Uterine fibroids are a common, benign gynecologic condition that may be asymptomatic or result in a range of symptoms. Heavy menstrual bleeding associated with fibroids can result in anemia, fatigue, and decreased quality of life. Clinicians who care for women should ask about menstrual cycle concerns and consider a pelvic ultrasound if fibroids are suspected. Treatment options can be individualized based on a woman’s most concerning symptom, desire to preserve fertility, and discussion of the risks and benefits of both medical and surgical options. 

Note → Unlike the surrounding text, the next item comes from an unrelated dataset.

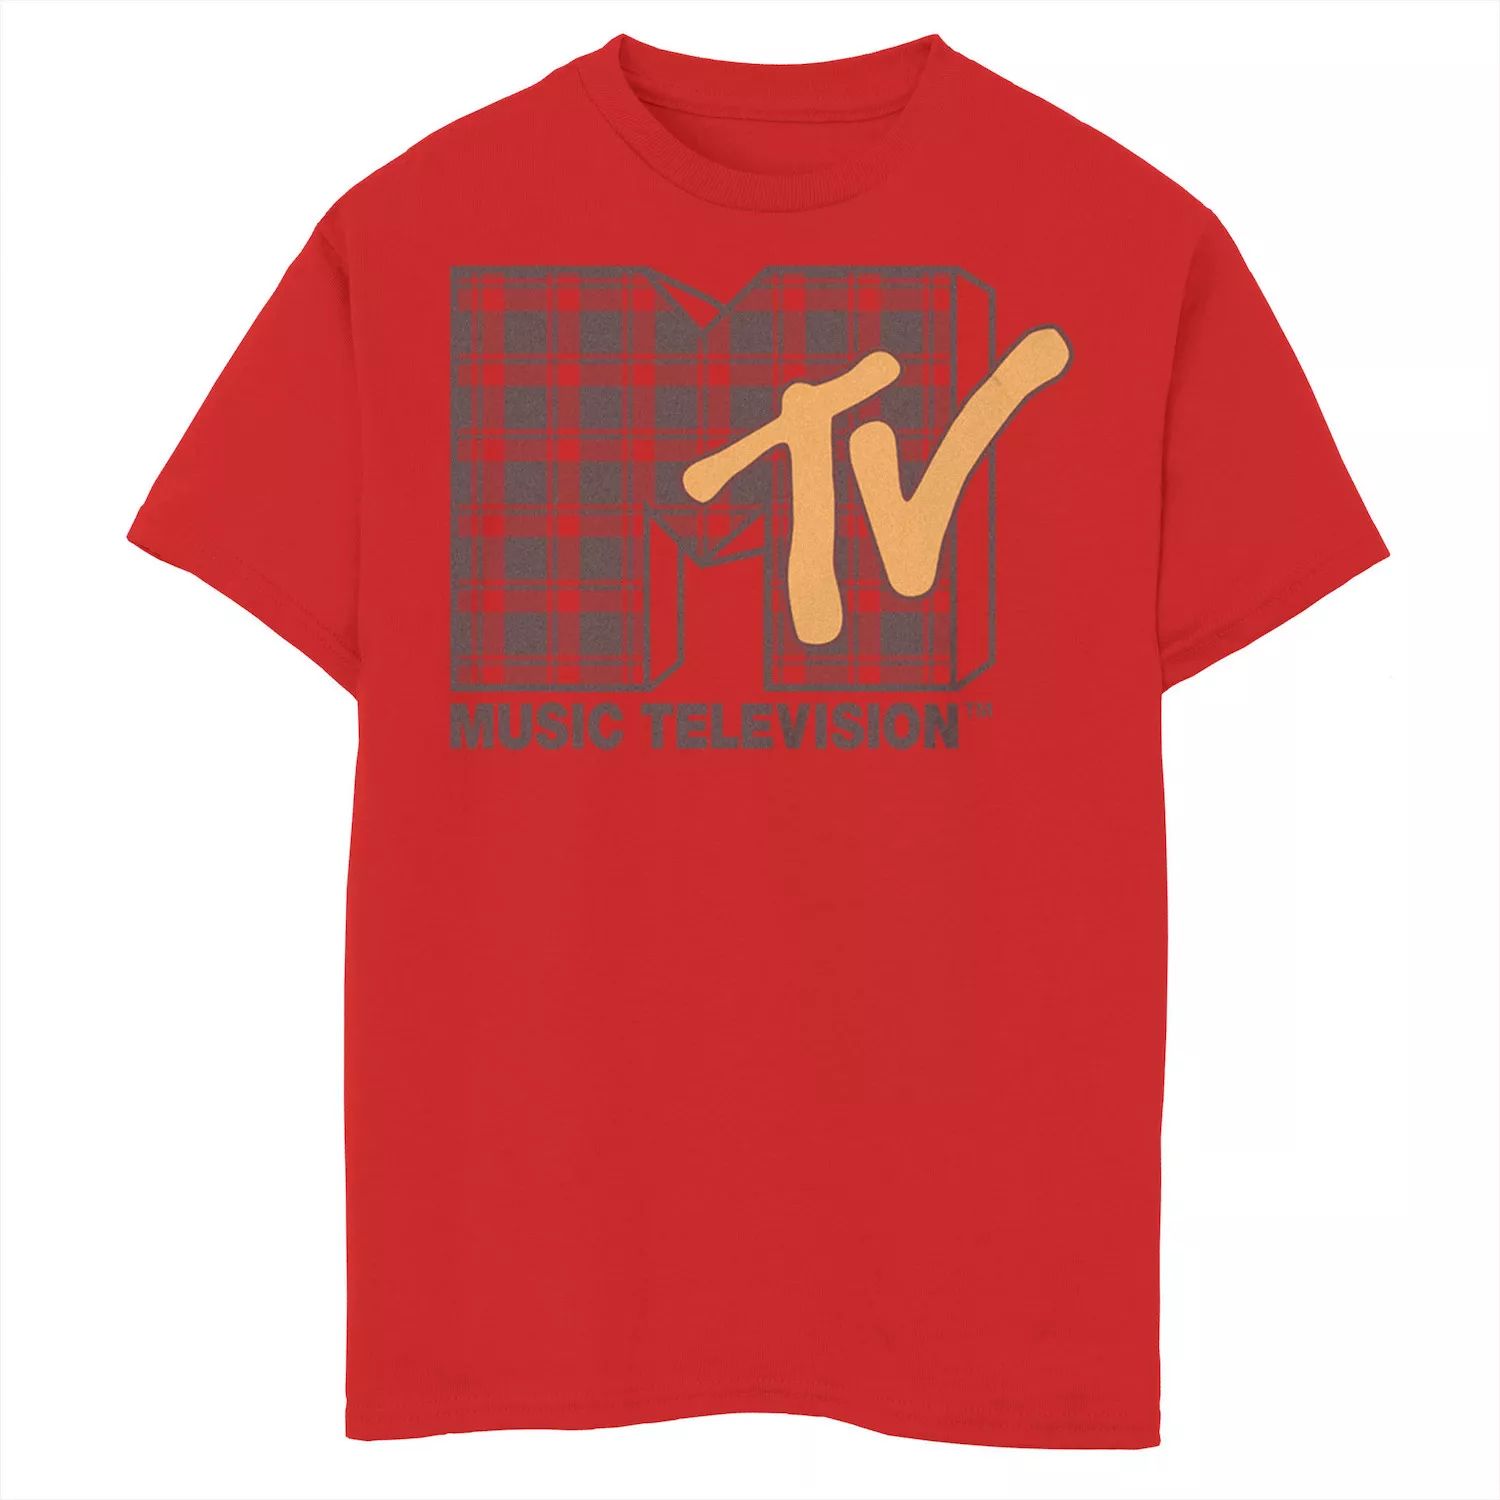 Клетчатая футболка MTV с логотипом MTV для мальчиков 8–20 лет Licensed Character футболка с логотипом mtv i want my mtv est 1981 для мальчиков 8–20 лет licensed character

Author’s Note: Throughout this article, I use the terms woman and women, although I understand there are diverse gender identities and not every person with fibroids identifies as a woman. Clinicians should always ask about preferred names, pronouns, and identities to ensure the delivery of sensitive, respectful, and inclusive care.     

Heidi Collins Fantasia, PhD, RN, WHNP-BC, FNAP, is an associate professor and department chair in the Solomont School of Nursing, Zuckerberg College of Health Sciences at the University of Massachusetts Lowell. She is a certified women’s health nurse practitioner with extensive experience working in public health settings.

References

  1. Pavone D, Clemenza S, Sorbi F, Fambrini M, Petraglia F. Epidemiology and risk factors of uterine fibroidsBest Prac Res Clin Obstet Gynaecol. 2018;46:3-11. doi:10.1016/j.bpobgyn.2017.09.00
  2. Stewart EA, Cookson CL, Gandolfo RA, Schulze-Rath R. Epidemiology of uterine fibroids: a systematic review. BJOG. 2017;124(10):1501-1512. doi:10.1111/1471-0528.14640
  3. Vilos GA, Allaire C, Laberge P-Y, Leyland N. The management of uterine leiomyomas J Obstet Gynaecol Canada. 2015;37(2):157-178. doi:10.1016/S1701-2163(15)30338-8
  4. De La Cruz MS, Buchanan EM. Uterine fibroids: diagnosis and treatment. Am Fam Physician. 2017;95(2):100-107.
  5. Antoun J. Elagolix, estradiol, and norethindrone kit (Oriahnn) for the management of heavy menstrual bleeding associated with fibroidsAm Fam Physician. 2021;103(8):505-506.